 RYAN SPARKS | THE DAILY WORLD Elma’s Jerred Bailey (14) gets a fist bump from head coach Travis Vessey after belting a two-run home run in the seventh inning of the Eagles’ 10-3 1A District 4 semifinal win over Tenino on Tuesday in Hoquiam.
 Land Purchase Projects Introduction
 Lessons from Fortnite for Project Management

--

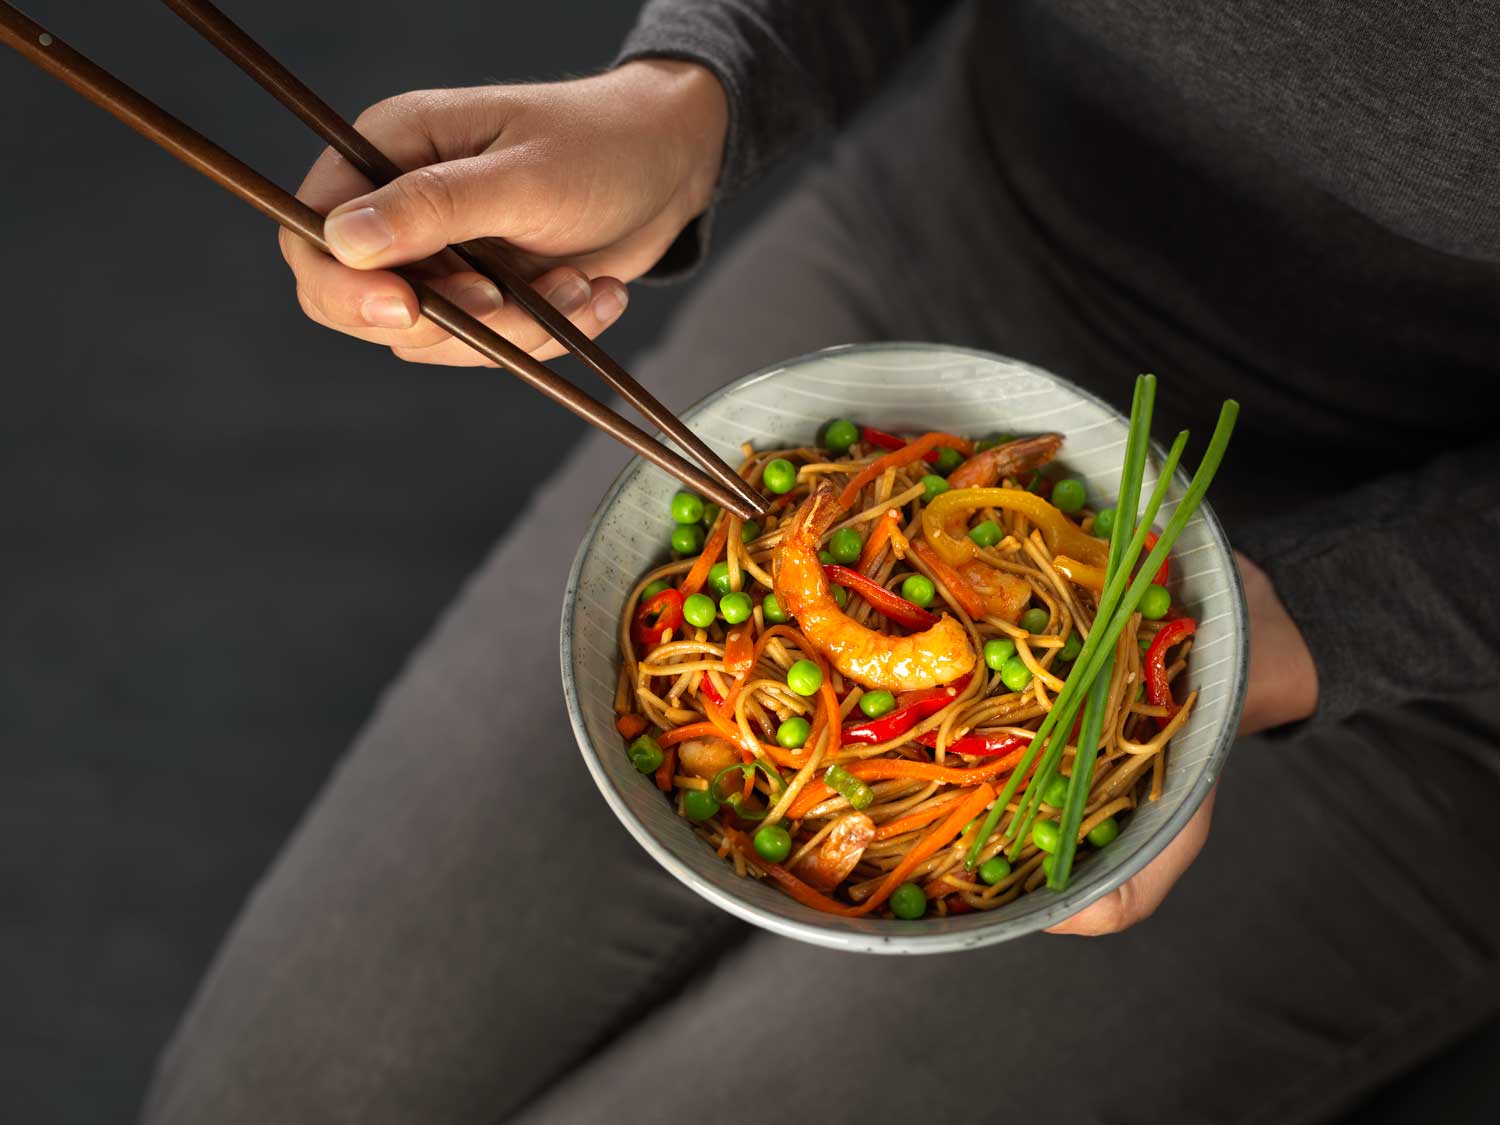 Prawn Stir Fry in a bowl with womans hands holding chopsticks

> _What to do_
Here the output must be the lines above from the line with "RYAN SPARKS |" to the line with "Lessons from Fortnite for Project Management", both included, duplicated word for word and nothing else.

> _Answer to the problem_
 RYAN SPARKS | THE DAILY WORLD Elma’s Jerred Bailey (14) gets a fist bump from head coach Travis Vessey after belting a two-run home run in the seventh inning of the Eagles’ 10-3 1A District 4 semifinal win over Tenino on Tuesday in Hoquiam.
 Land Purchase Projects Introduction
 Lessons from Fortnite for Project Management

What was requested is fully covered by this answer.